- Pre-release poster
- Directed by: Jayaraj
- Screenplay by: Sab John
- Story by: Jayaraj
- Produced by: Prem Prakash
- Starring: Suresh Gopi Banupriya Vijayaraghavan Janardhanan Sukumari
- Cinematography: P. Sukumar
- Edited by: B. Lenin V. T. Vijayan
- Music by: S. P. Venkatesh
- Production company: Heyday Films
- Distributed by: Century Release
- Release date: 3 March 1995 (India);
- Running time: 146 minutes
- Country: India
- Language: Malayalam

= Highway (1995 film) =

Highway is a 1995 Indian Malayalam-language action spy film directed by Jayaraj, produced by Prem Prakash, and written by Sab John. The film stars Suresh Gopi and Bhanupriya, with Vijayaraghavan, Janardhanan and Biju Menon in supporting roles. The film's original songs were composed by S. P. Venkatesh, while cinematography was handled by P. Sukumar.

Highway was released in theatres on 3 May 1995. It was a commercial success at the Kerala box office. The film's dubbed Telugu version was also a box office success in Andhra Pradesh.

==Plot==
Sreedhar Prasad is a RAW field agent investigating a bomb blast that killed 30 innocent college students. Sreedhar operates under the name of Mahesh Aravind, a planter from Udumbanchola and chooses a township, Wintergreen, as his temporary residence during the course of the investigation. Mahesh establishes a friendly relation with ACP George Alexander, who was the official in charge of the criminal investigation. As the investigation proceeds, it is understood that the bomb blast was connected with a chain of crimes that happened in the area including the missing of a scientist Guhan Menon from Baddapur Space Research Organization (BSRO), who is later revealed to be killed. It is revealed that Shankar Dev Rana, an established businessman and educationist in the common front, is actually a traitor and drug lord in his parallel life. Sreedhar Prasad and his subordinate Moorthy finally solves the cases after hurdles and arrest Shankar Dev Rana for orchestrating the bomb blast.

==Cast==
- Suresh Gopi as Sreedhar Prasad IPS/Mahesh Aravind (RAW officer)
- Bhanupriya as Meera
- Vijayaraghavan as Moorthy/Unnithaan (RAW Officer)
- Janardhanan as ACP George Alexander IPS
- Biju Menon as SI Pavithran
- Jose Prakash as Kartha (Meera's father)
- Augustine as Sukumaran/Sukhbir (Hanuman) Singh
- Kunchan as Vasco
- Sukumari as Vasco's mother
- Eliyas Babu as Shankar Dev Rana/Murikkummuri Velayudhan (Real name, revealed in the climax)
- Kamal Gaur as 'Cobra' Hamza, Chief Henchman of Shankar Dev Rana
- Spadikam George as IG Ramamurthy IPS
- Vineeth as Vinod Menon/Apache (One among the students who gets killed in the blast)
- Prem Prakash as Sivanandan, Fabrication Engineer, BSRO
- Kaduvakkulam Antony as Kallu Vareeth, Checkpost Registrar
- Pavithran K P as Robinson, Motel Manager and Rana's agent
- Silk Smitha as Dancer

==Music==

The soundtrack album was composed by S. P. Venkatesh for the lyrics penned by Gireesh Puthenchery.

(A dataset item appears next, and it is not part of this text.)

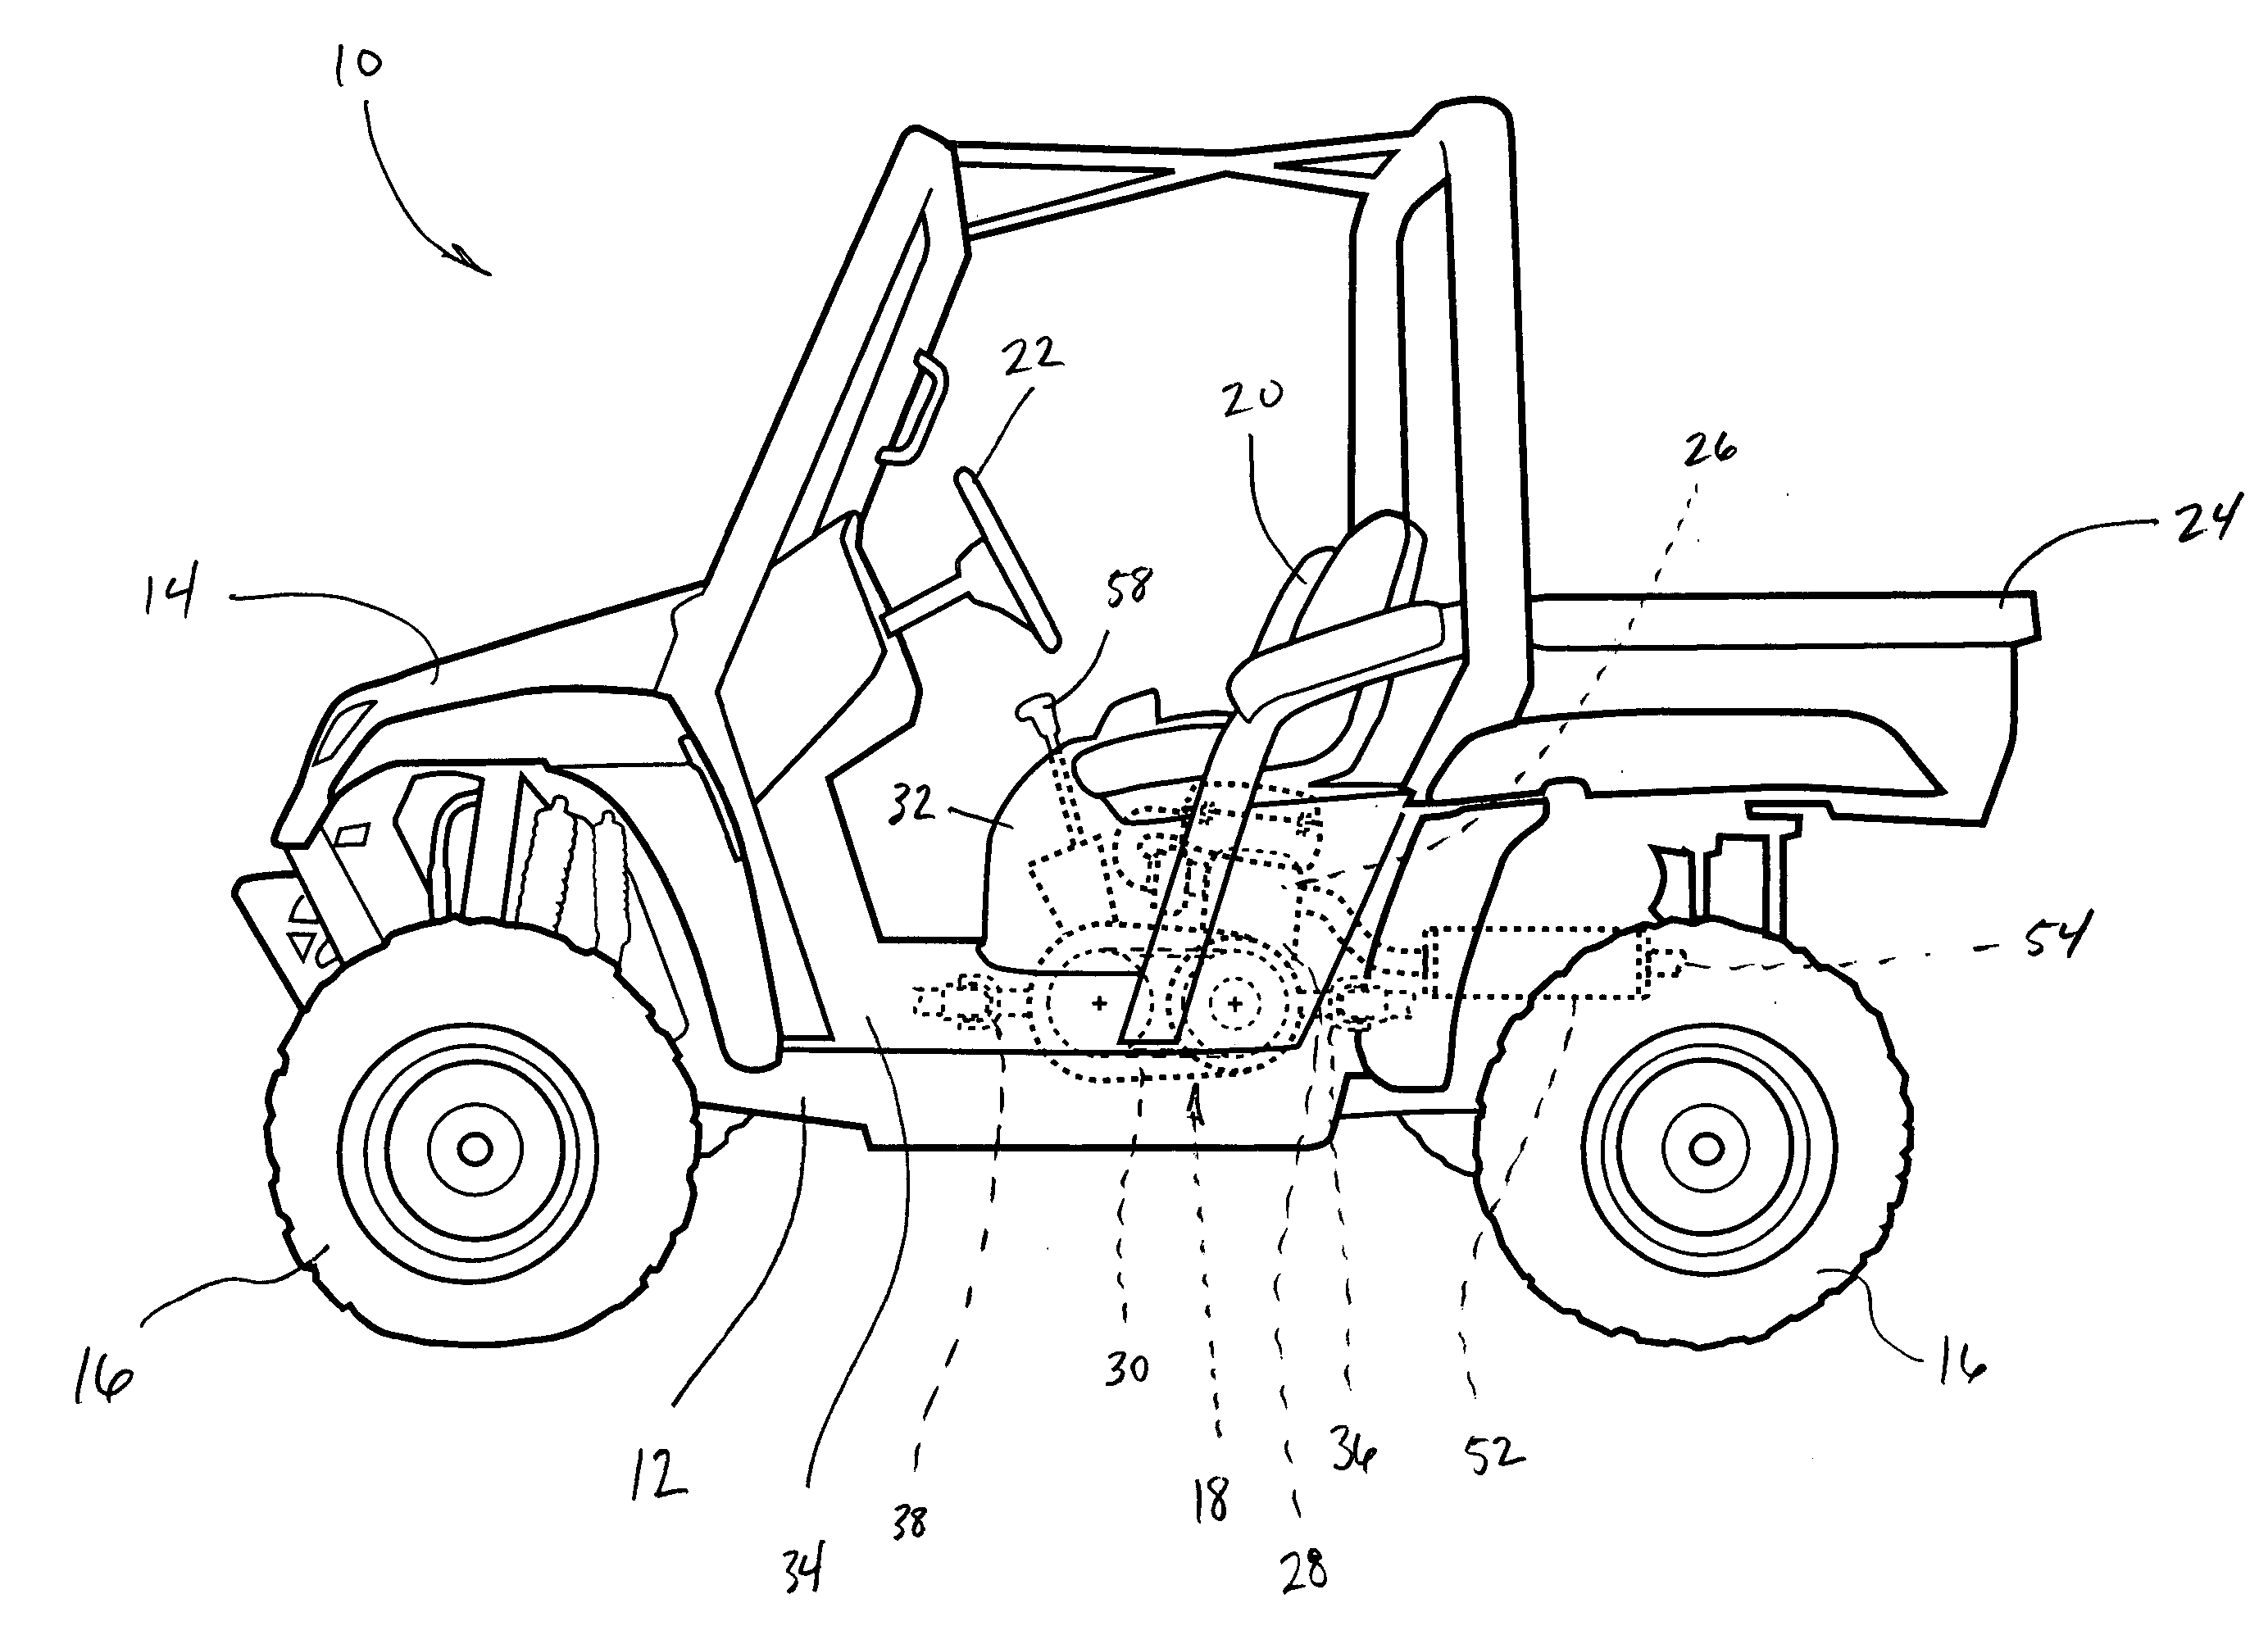 All-terrain vehicle engine configuration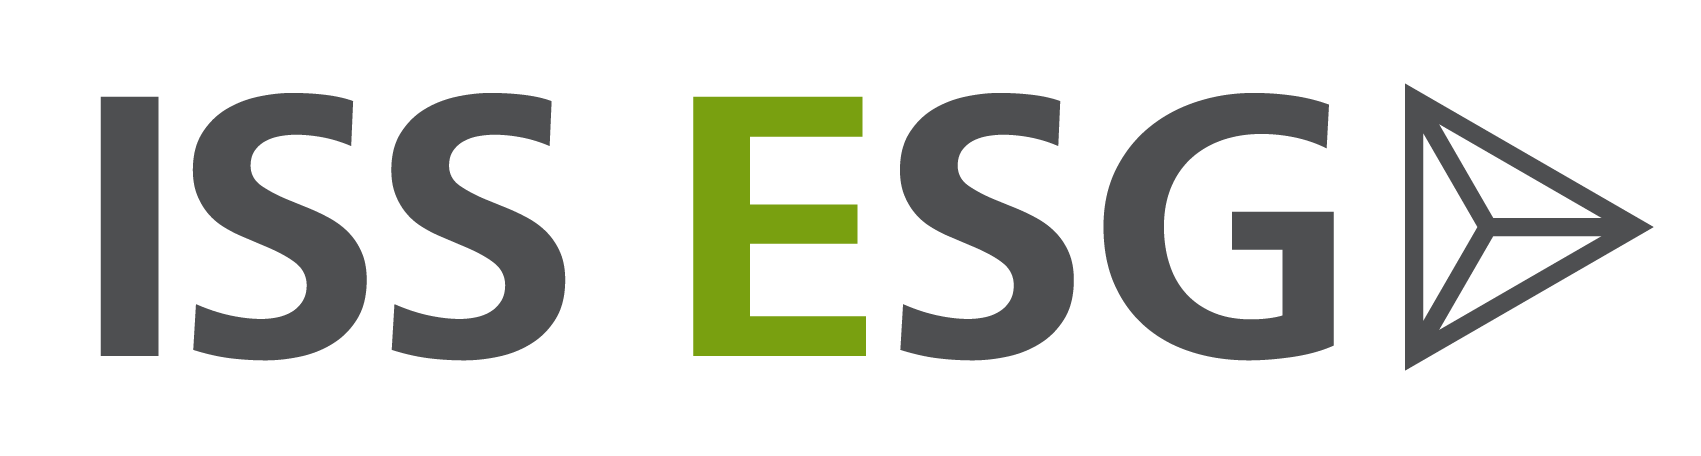 Esg агентства. ESG. ESG лого. ESG проекты. ISS ESG rating.

| Track | Song title | Singer(s) | Length |
|---|---|---|---|
| 1 | Dolo Dolakku | K. S. Chithra, Mano | 4:53 |
| 2 | Oru Thari Kasthoori | Swarnalatha, Chorus | 5:15 |
| 3 | Kikkili Kili | Malgudi Subha, Sangeetha Sajith | 4:07 |
| 4 | Kunji Kurumbin | K. S. Chithra, Chorus | 4:51 |
| 5 | Adipoli | Suresh Peters | 3:49 |

==Box office==
The film was a commercial success in Kerala and also in Andhra Pradesh. According to producer Khader Hassan, it created pre-release hype in Andhra Pradesh due to the successes of Suresh Gopi's previous dubbed films, and after the success of Highway, older Malayalam films in which he appeared in supporting roles too were released in the Tamil and the Telugu industries.

== Sequel ==
A sequel to the film titled Highway 2 was announced in 2022.